Old Person to go home -- Dexter (surprise!)  Nicole picks -- Dexter. I'm 3 for 3. Also, Steve the Annoying Welshman is really annoying with his telling everyone they can't speak because of time. Sad when you long for Seacrest.

Simone--this girl doesn't belong. Period. This is embarrasing. Like a really bad 80s pop song by Pebbles or someone like that.

Rachel--It doesn't matter what she sings here, she's through. How about a Justin Bieber/Supremes mashup while dressed like Lyle Lovett? Yep, that works for me. She's like the second coming of Raven Symone (not in the Nickelodeon years, but when she joined the Cosby Show as Olivia and completely stole the show from Rudy).

Drew - Is it ok for a 14 year old to sing a song about an ironworker making money on the side as a stripper? Not sure about the slow arrangement. She can sing though.

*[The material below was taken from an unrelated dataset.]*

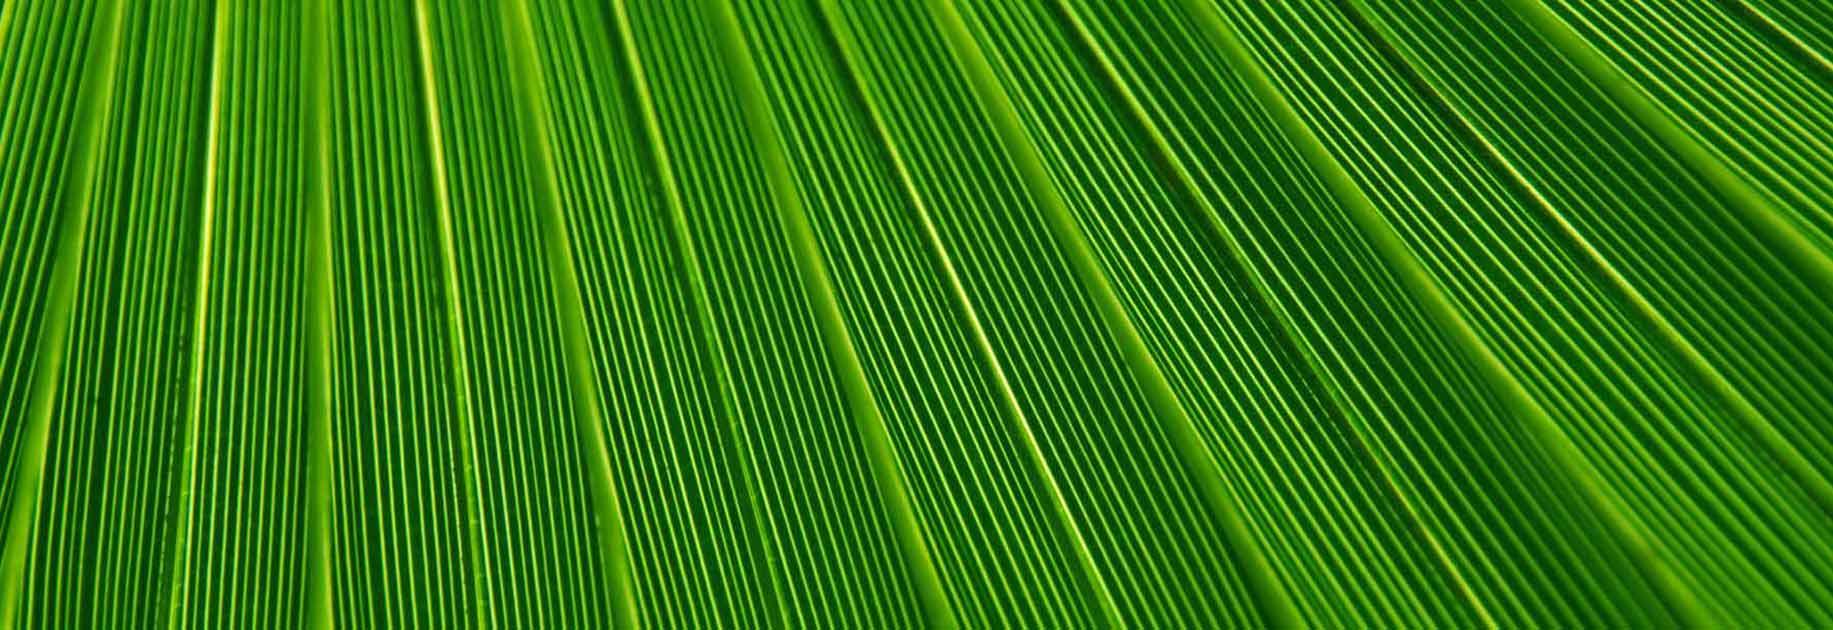 green colour 1 - ویژگی های رنگ در طراحی داخلی و اثرات روانی و فیزیولوژیکی آنها

Tiah -- What in the F? This is the scariest song ever. And I thought Annie Lennox was creepy back in the 80s. She's giving Marilyn Manson a run for his money even. That was intense.

Melanie -- I Have Nothing. Yep, this is the stuff. This girl is guaranteed to be a huge star. Until she hit that note on the word "close". But hey, we all screw up here and there. Maybe a bit too high for her but man she can sing.

Simon should send home - Simone and Tiah.  Simon sends home - Simone and Tiah. America, you don't need judges when you have me.